Tindakan Pemerintah Kabupaten Sintang tersebut secara terang telah menciderai salah satu hak sipil warga yaitu hak untuk beribadah sesuai dengan kepercayaannya. Tindakan tersebut juga sangat bertentangan dengan konstitusi dan merupakan bentuk diskriminasi yang menodai asas keadilan. Konstitusi Republik Indonesia menegaskan bahwa Negara harus melindungi warganya untuk menjalankan ibadah sesuai agama dan kepercayaan masing-masing.

Oleh karena itu Jaringan GUSDURian menyatakan sikap sebagai berikut:

Pertama, mengecam tindakan sewenang-wenang Pemerintah Kabupaten Sintang yang menutup paksa tempat ibadah milik Jemaat Ahmadiyah Indonesia.

Kedua, meminta agar Pemerintah Kabupaten Sintang untuk memfasilitasi perlindungan bagi warga Ahmadiyah agar bisa menjalankan ibadahnya dengan aman dan nyaman. Bupati Sintang harus menjalankan amanat konstitusi, melindungi, dan menghormati hak asasi manusia termasuk kebebasan (kemerdekaan) beragama dan berkeyakinan setiap warga negara. SKB 2 Menteri No. 9 dan No. 8 tahun 2006 tidak boleh dan tidak bisa dijadikan dasar untuk melarang ibadah. Justru Pemerintah Kabupaten Sintang harus memfasilitasi Jamaah Ahmadiyah agar tetap bisa beribadah, termasuk melindunginya dari tindakan melanggar hukum dari pihak luar.

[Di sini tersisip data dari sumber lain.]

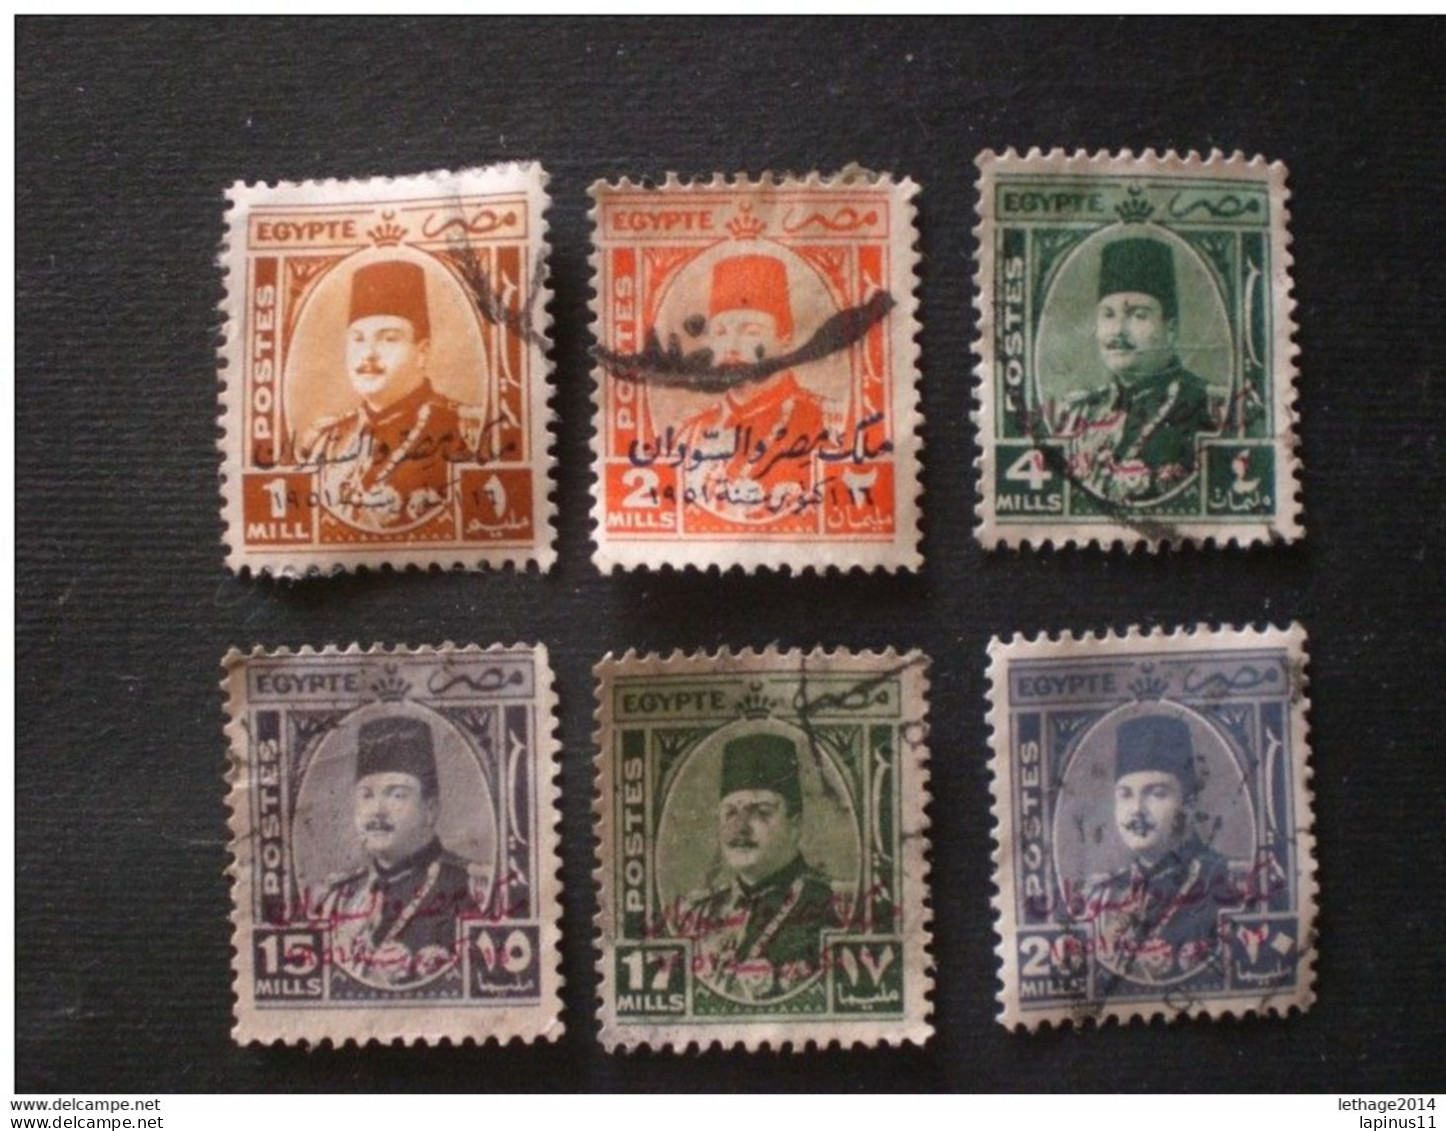 EGYPT 1948 King Farouk - Egypt Postage Stamps Of 1951 Overprinted "SUDAN" In Arabic RARE - Gebruikt
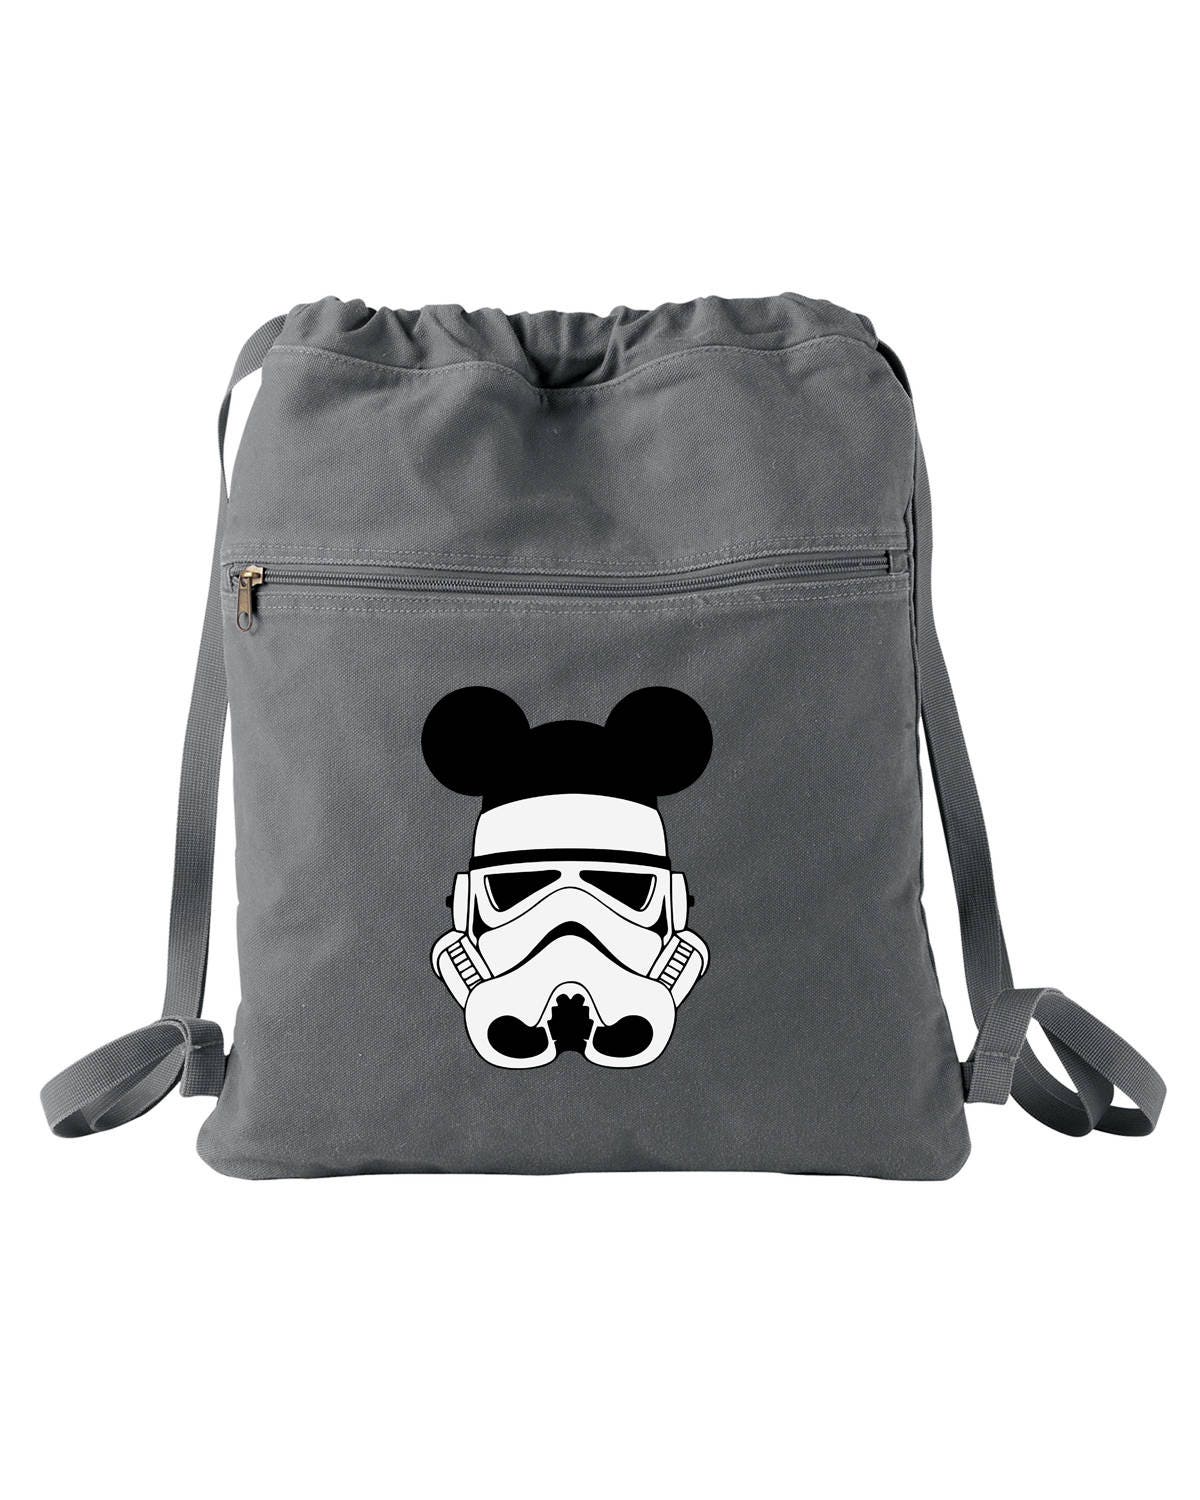 Storm Trooper Star Wars Star Wars Bag Disney Tote | Etsy

Ketiga, meminta Presiden Joko Widodo untuk mencabut SKB 2 Menteri No. 9 dan No. 8 tahun 2006 tentang pendirian rumah ibadah karena menyebabkan banyaknya rumah ibadah yang dipaksa tutup. Selain itu, Presiden Joko Widodo juga harus mencabut SKB 3 Menteri No. 3 Tahun 2008 tentang Peringatan dan Perintah kepada penganut, anggota, dan/atau anggota pengurus Jemaat Ahmadiyah Indonesia (JAI) dan warga masyarakat yang rawan disalahgunakan untuk melakukan tindakan inkonstitusional terhadap penganut Ahmadiyah.

Keempat, meminta tokoh agama untuk mengedukasi umatnya untuk menjaga semangat keberagaman sebagai sunnatullah. Kebijakan Pemerintah Indonesia yang telah mendorong berbagai langkah moderasi beragama guna menciptakan kehidupan berbangsa dan bernegara yang lebih harmonis perlu didukung oleh semua pihak, terutama para tokoh agama.

Kelima, mengajak segenap masyarakat untuk menjaga kehidupan yang bermartabat, adil, harmonis, serta tidak menjadikan perbedaan sebagai alasan untuk membenci atau bahkan menyakiti satu sama lain.

Keenam, mengajak seluruh keluarga besar Jaringan GUSDURian untuk terus merawat semangat kebinekaan dengan melakukan advokasi dan perlawanan terhadap semua bentuk diskriminasi dengan mengusung semangat Gus Dur bahwa perdamaian tanpa keadilan adalah ilusi.


Alissa Wahid

Koordinator Nasional Jaringan GUSDURian Indonesia.